Note: the root-collar is where the roots begin. These may be above ground as well as underground and therefore may not be fully visible. If any part of the tree’s trunk from root collar to first branch—whether it is visible or not—crosses the property line, then it is a boundary tree. A tree’s trunk does not have to cross the property line at any particular point—it just has to cross at any  point between the root collar and first branch.
Photos of boundary trees are also available here and can help you discern whether or not your tree is a boundary tree.

The 2013 legal definition of a shared tree is not based on a percentage. Even if 99% of the tree’s trunk grows on one side of a property line, the 1% growing on the other side of the property line still means the tree is a boundary tree and is therefore co-owned.

If a tree grows close to the property line and a property-owner wants to protect or cut it down, he or she should have a professional survey done to clearly establish where the trunk is in relation to the property line. This is not always something that is obvious or visible. It is a potentially expensive legal mistake to claim that the base of a tree (as it appears to the naked eye at ground level) is the determining factor. Once again: it is important to remember that if ANY part of the tree’s trunk crosses the property line it is co-owned.

The Hartley vs Cunningham/Scharper Ruling

6 Comments on “Is My Tree a Boundary Tree?”

  1. Hi Hilary,
    Gross was sentenced to a fine of $5000 by the JP. However, there is an automatic “victim surcharge” of 25% tacked on by the Province of Ontario so the total amount owing is $6250. Also please correct the maximum fine amount on the welcome page. Cheers.

  2. Nice site, thank you. Do you know the outcome of the civil suit against Gross and his contractors?

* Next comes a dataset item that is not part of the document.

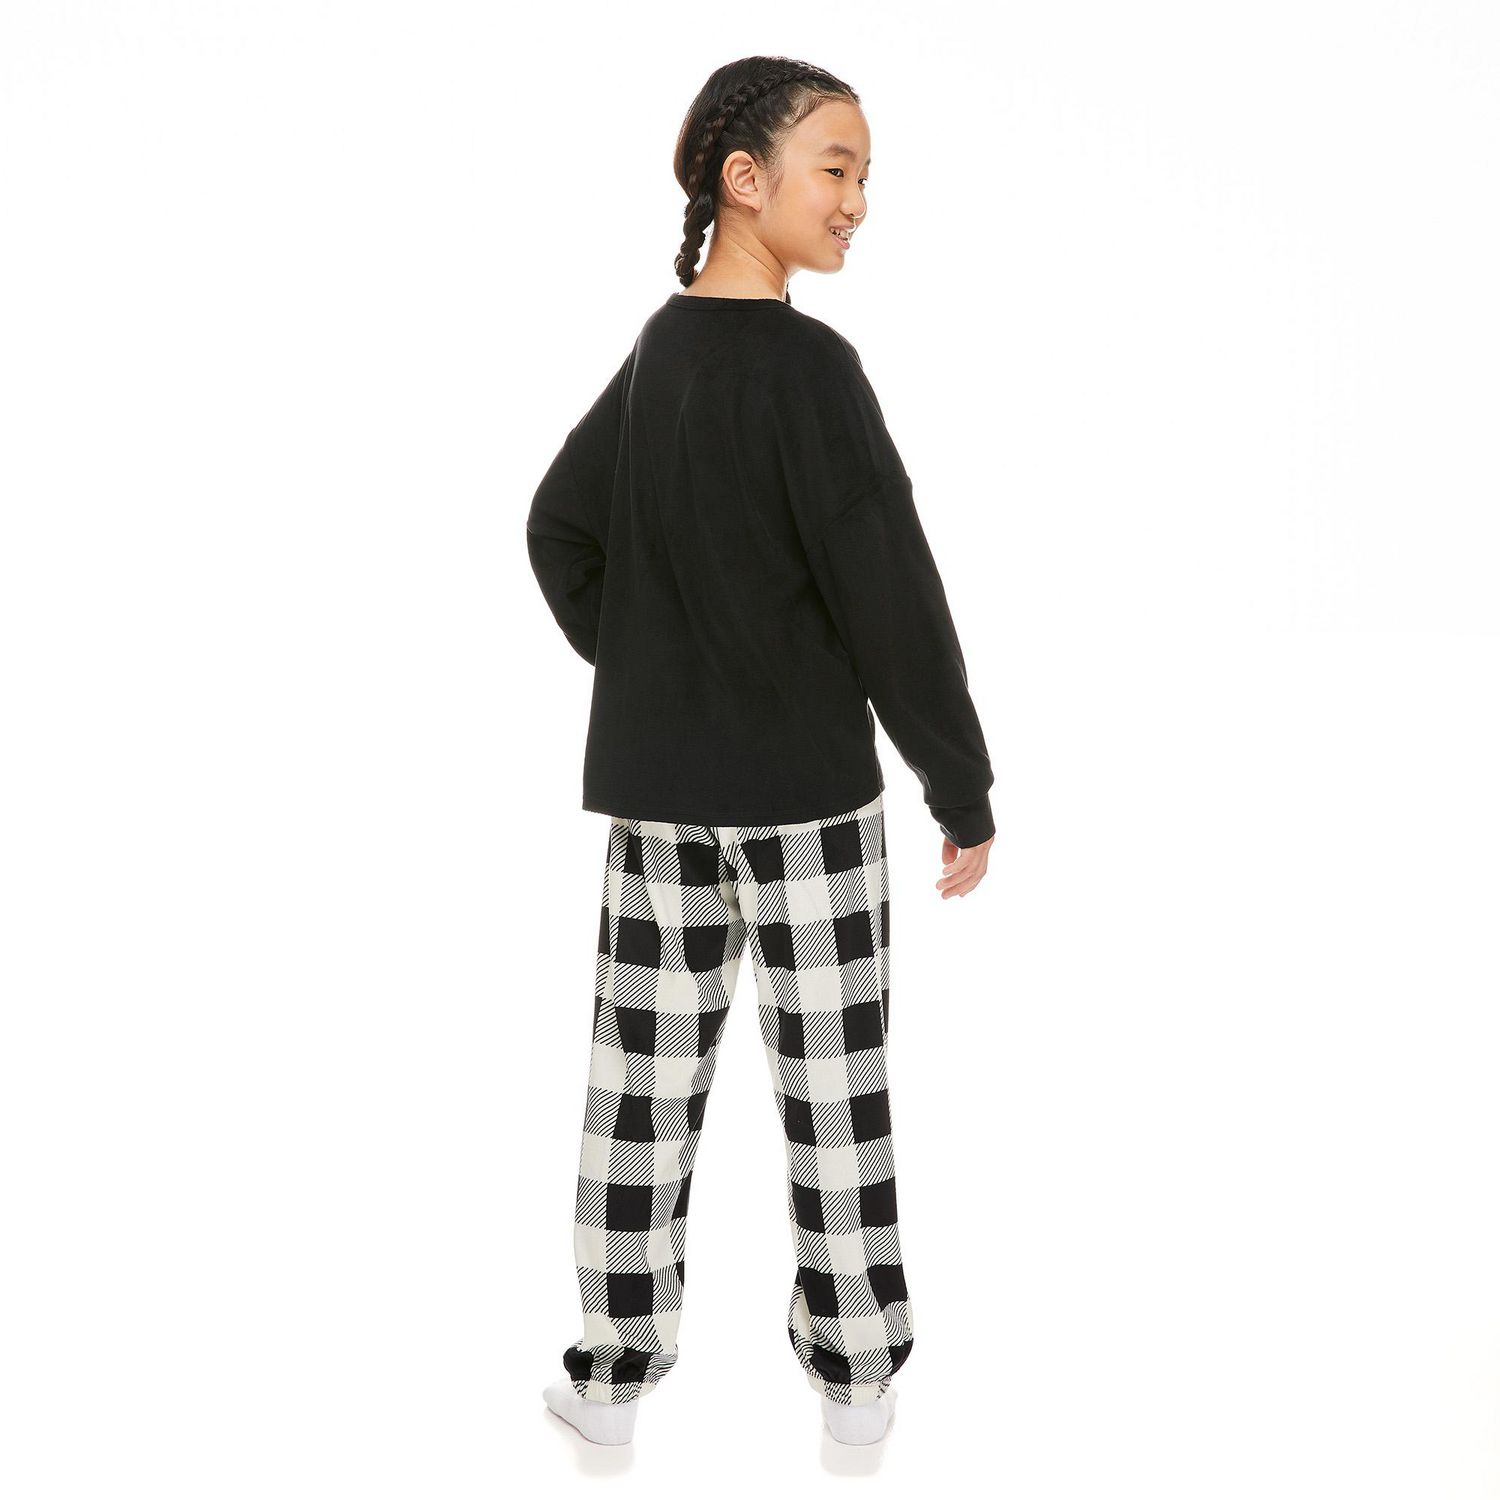 Super Cute Girls Justice Brand 2 Piece Cupcake Pajama Set PJ set Sleepwear  New

  3. Hi. Thank you for this blog, it’s very helpful. I have a shared willow tree on our shared beach ( shore land) with my neighbour. The tree is protecting the beach from erosion. My neighbour is constructing a shoreline protection, concrete blocks retaining wall, and he asked me if he can take down the tree. I told him that if the tree is mine I wanna keep it. Now he injured the tree and I’m working on getting a surveyor to have a Survey for the shore land. What’s the regulation for shared shore land and trees? Thanks

  4. I have a poplar tree in my backyard which is healthy but happens to be leaning towards my rear neighbours house. I do not want to cut down the tree or pay for it to be removed (my neighbour thinks it is my tree but after measuring it looks to be a boundary tree). I am concerned if the tree falls on her house, whose responsibility or insurance will be responsible for the incurred costs and damages? I also cannot find out who I should be contacting to determine if this tree needs to be cut and if I am responsible to pay for it. Who would clarify that the tree is mine or if it is a boundary tree? Thanks.

  5. As far as determining the health and viability of the tree, and options to prevent it from falling, I would suggest hiring a certified arborist and have them come and prepare a report.
    The best way to determine a boundary tree is to have a line survey done (by a certified surveyor) and ask them to plot where the tree’s trunk is in relation to the property line. (This is less expensive than a full survey of your property.) If you have an existing survey, then a surveyor can determine whether or not the tree’s trunk crosses the boundary line (but make sure that you are using the legal definition of a tree’s trunk and not just measuring at ground level).